But if you’re anything like me, you don’t magically wake up on March 1st full of energy and motivation. Winter has a way of settling in. Less light. Heavier meals. More time indoors. Slower mornings. Later nights. Even if life kept moving, your body probably shifted into a quieter, conserving mode.

It's crazy how biology works. And your body is listening whether you are or not. But spring isn’t about punishing yourself for winter habits. It’s about noticing the season change and asking, “What would help me feel a little more alive right now?”

Now I'm not talking about a total overhaul or even setting up a strict plan. No, I'm talking about small shifts that help your body wake back up.

Energy doesn’t come from pushing harder. It comes from supporting your system as it transitions. So instead of trying to reinvent yourself this spring, let’s focus on something more doable — tiny shifts that boost your energy in ways that actually fit into real mom life.
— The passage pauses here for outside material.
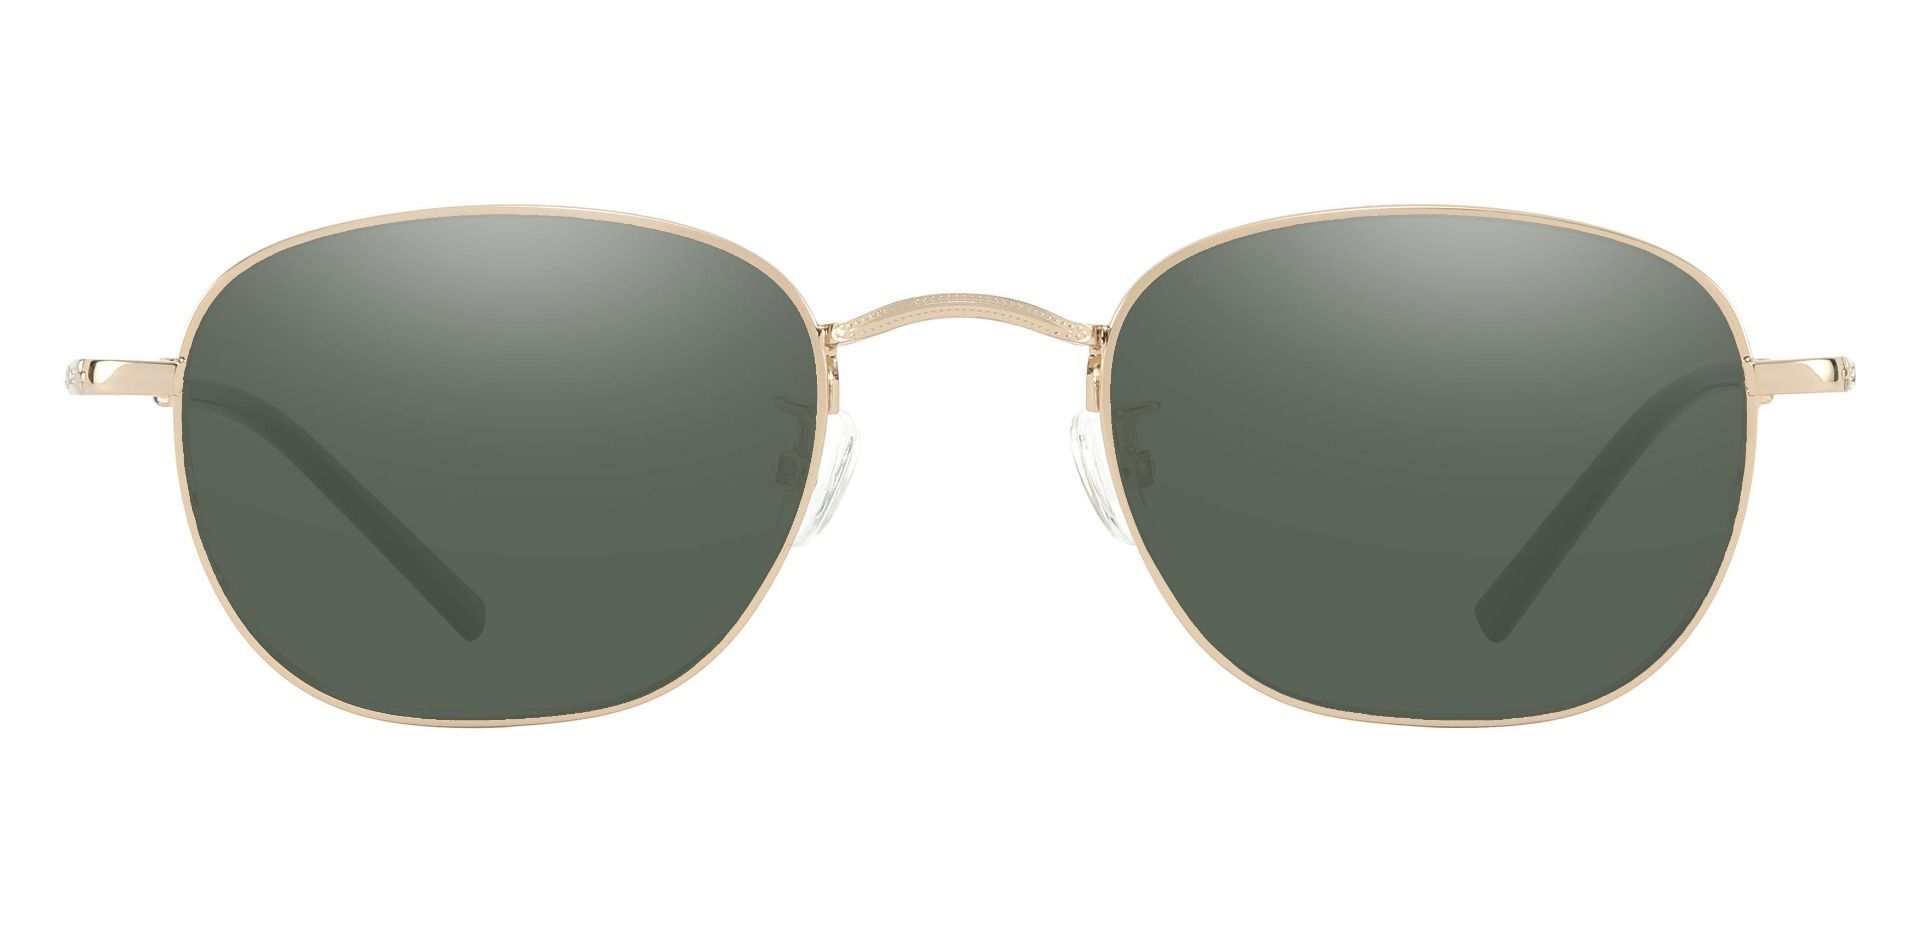 Greece Square Prescription Sunglasses - Gold Frame With Green Lenses

Here are seven ways that I think make a difference.

Shift 1

Get Morning Light Within 15 Minutes of Waking

Let’s be honest. Most mornings, when we 1st wake up the first thing we often grab isn’t a glass of water.

It’s Our Phone...

We check messages.

Scroll social media.

Read emails.

Look at the news.

Start thinking about everyone else’s needs before we’ve even fully woken up.

The problem isn’t just distraction. It’s that your brain is receiving artificial light and stimulation before it receives natural light. And your nervous system is waking up to alerts instead of sunlight.

This shift is simple:

Before you jump onto a device, this new shift is to step outside for 5 to 10 minutes and let real outdoor light hit your eyes.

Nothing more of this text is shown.